## [DATASET EXCERPT]
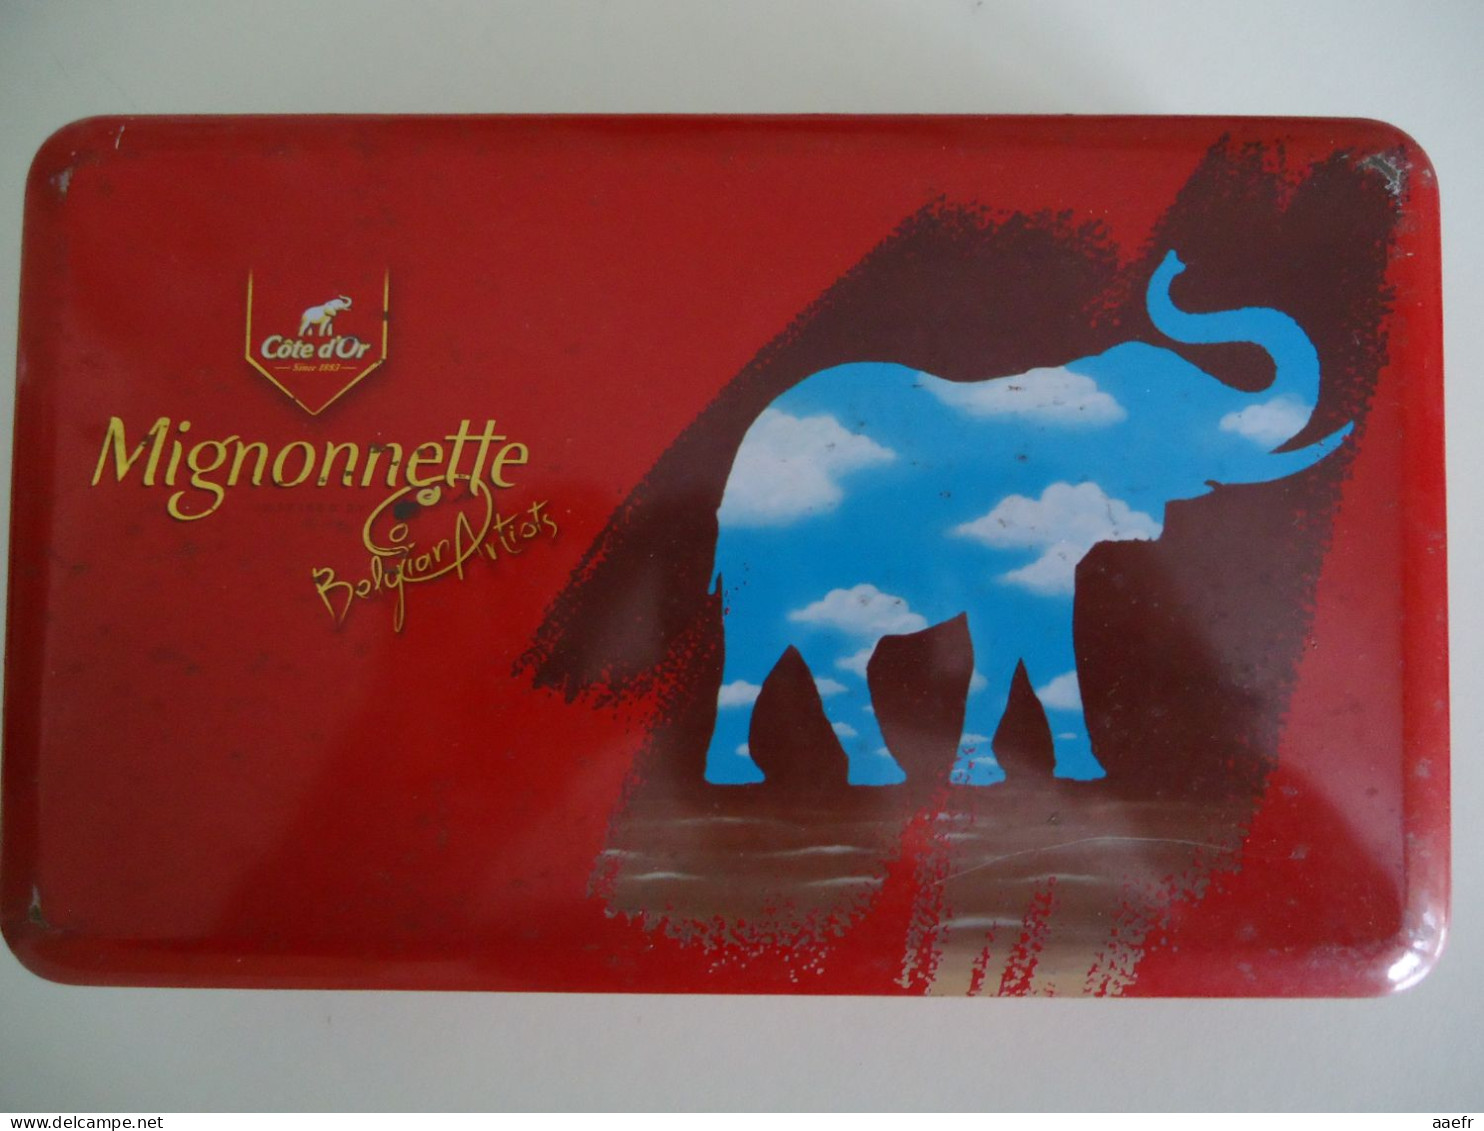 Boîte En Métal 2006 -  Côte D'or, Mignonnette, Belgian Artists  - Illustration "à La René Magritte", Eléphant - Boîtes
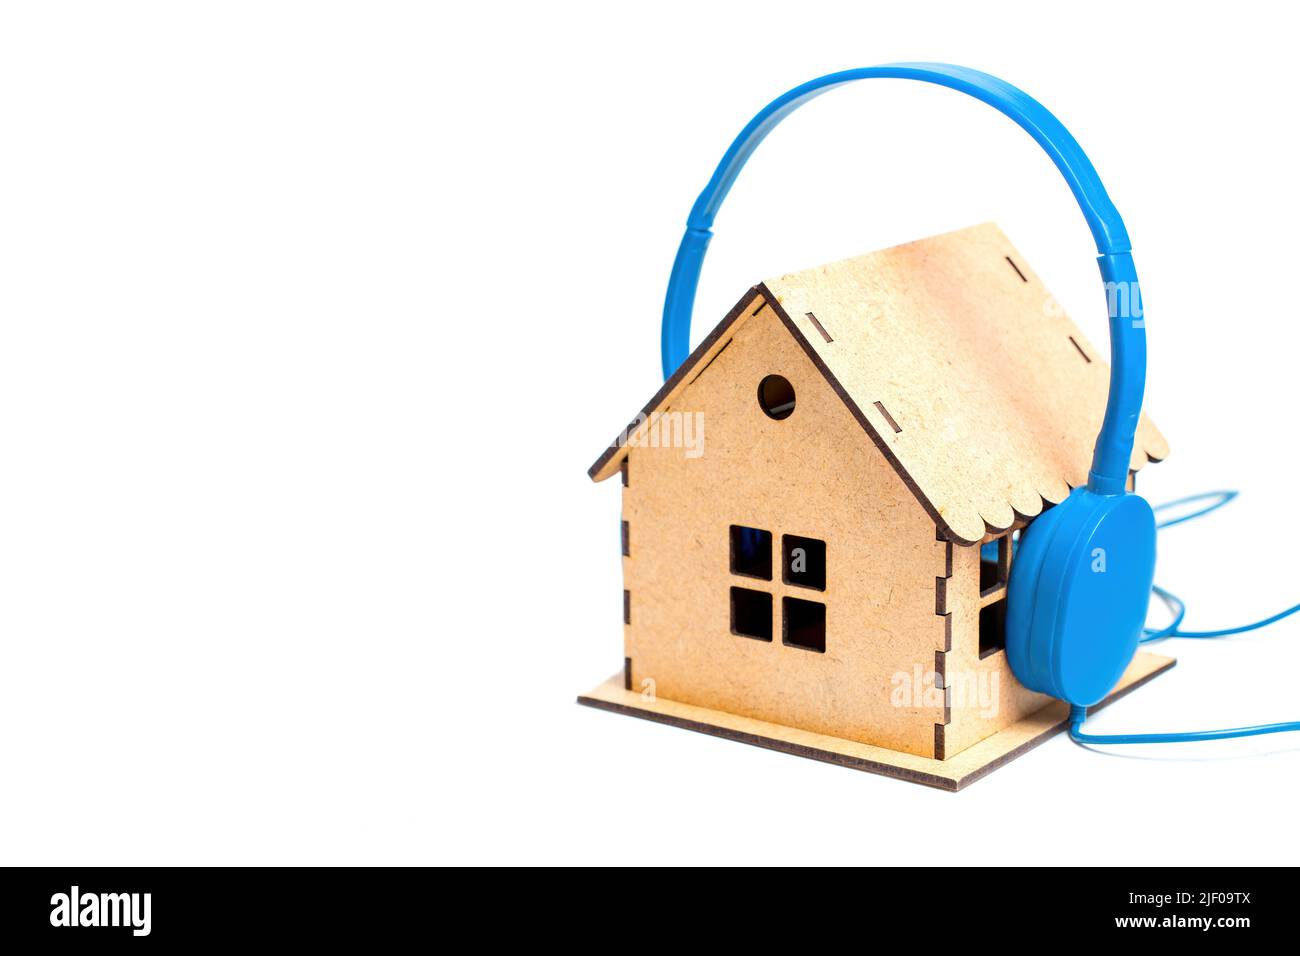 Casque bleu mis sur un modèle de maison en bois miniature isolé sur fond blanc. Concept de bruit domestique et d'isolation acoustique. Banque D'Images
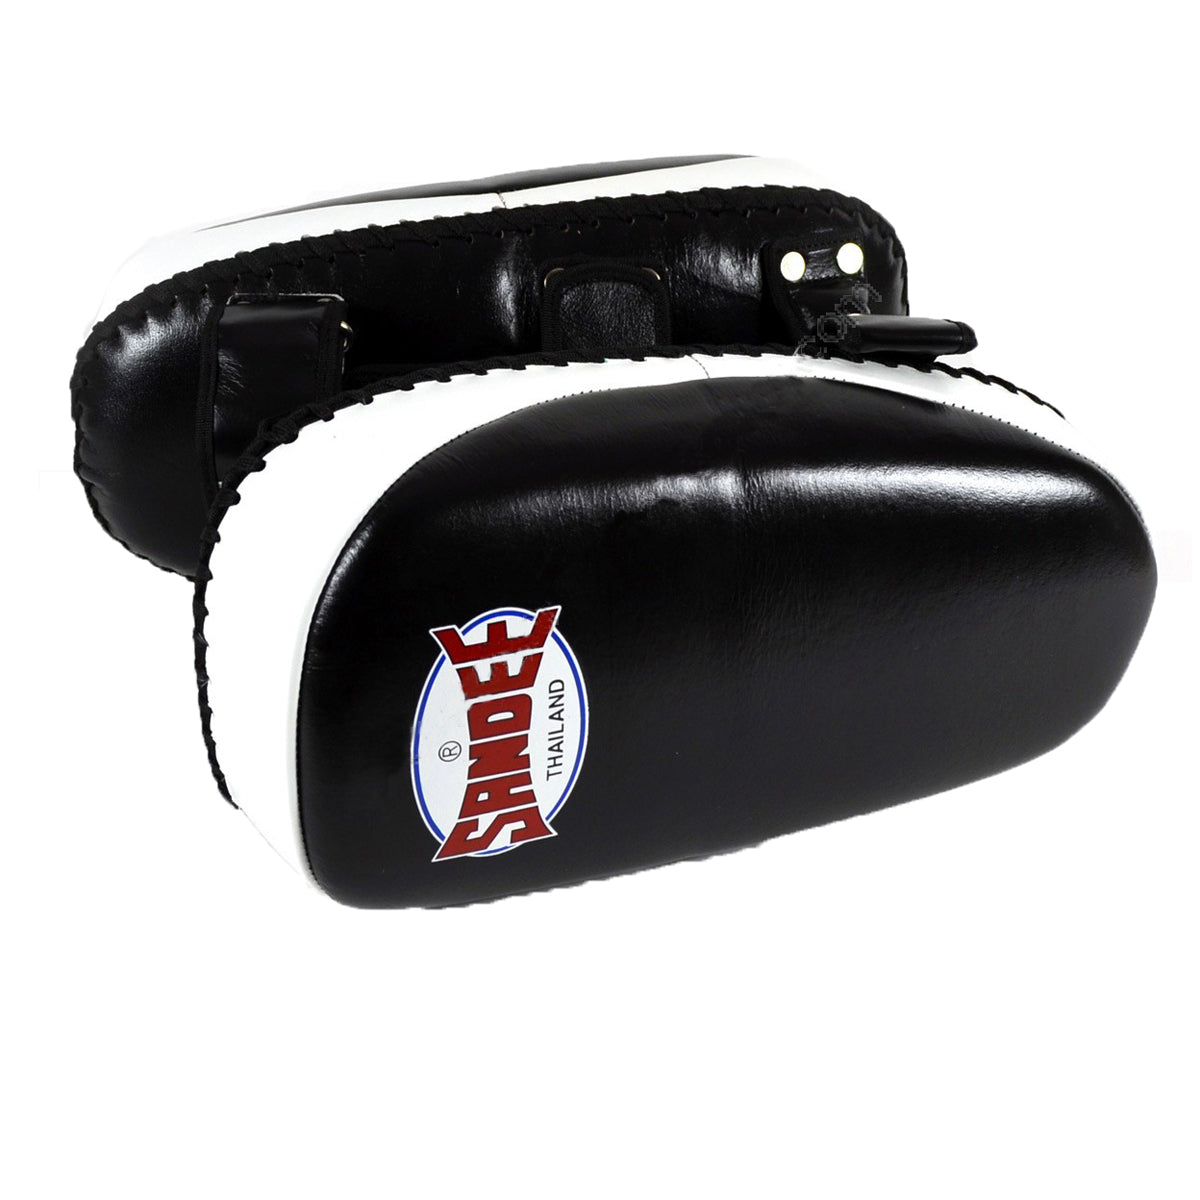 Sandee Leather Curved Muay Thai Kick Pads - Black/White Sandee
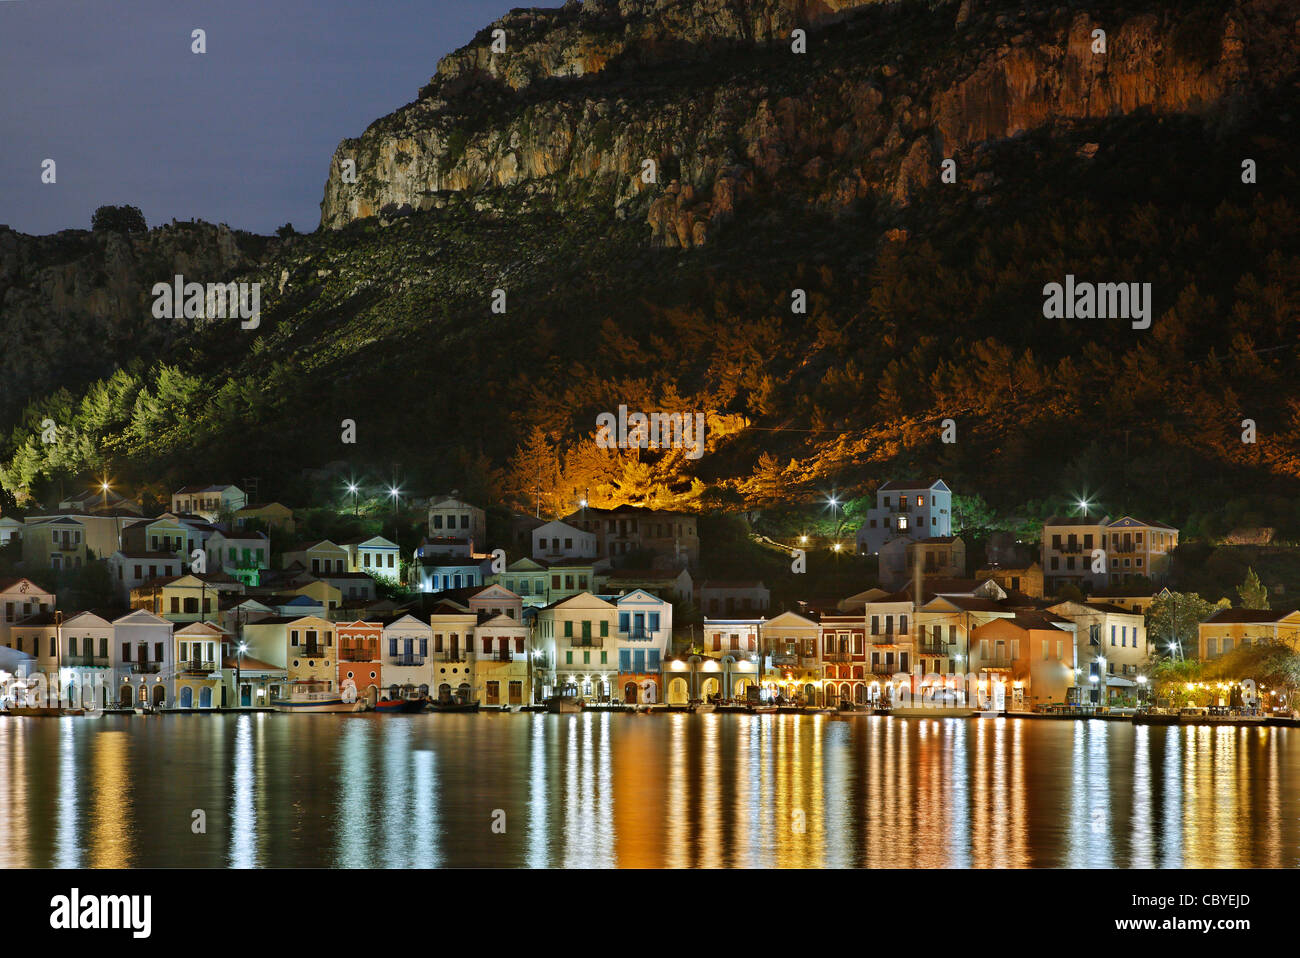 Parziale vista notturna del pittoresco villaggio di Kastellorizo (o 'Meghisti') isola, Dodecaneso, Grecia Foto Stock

## [EXERCISE]
Leaving the pictures aside, write out only the lines from the one containing "Sandee Leather Curved" through the end of the material, exactly as they stand.

## [RESULT FOR THIS EXERCISE]
 Sandee Leather Curved Muay Thai Kick Pads - Black/White Sandee
 Parziale vista notturna del pittoresco villaggio di Kastellorizo (o 'Meghisti') isola, Dodecaneso, Grecia Foto Stock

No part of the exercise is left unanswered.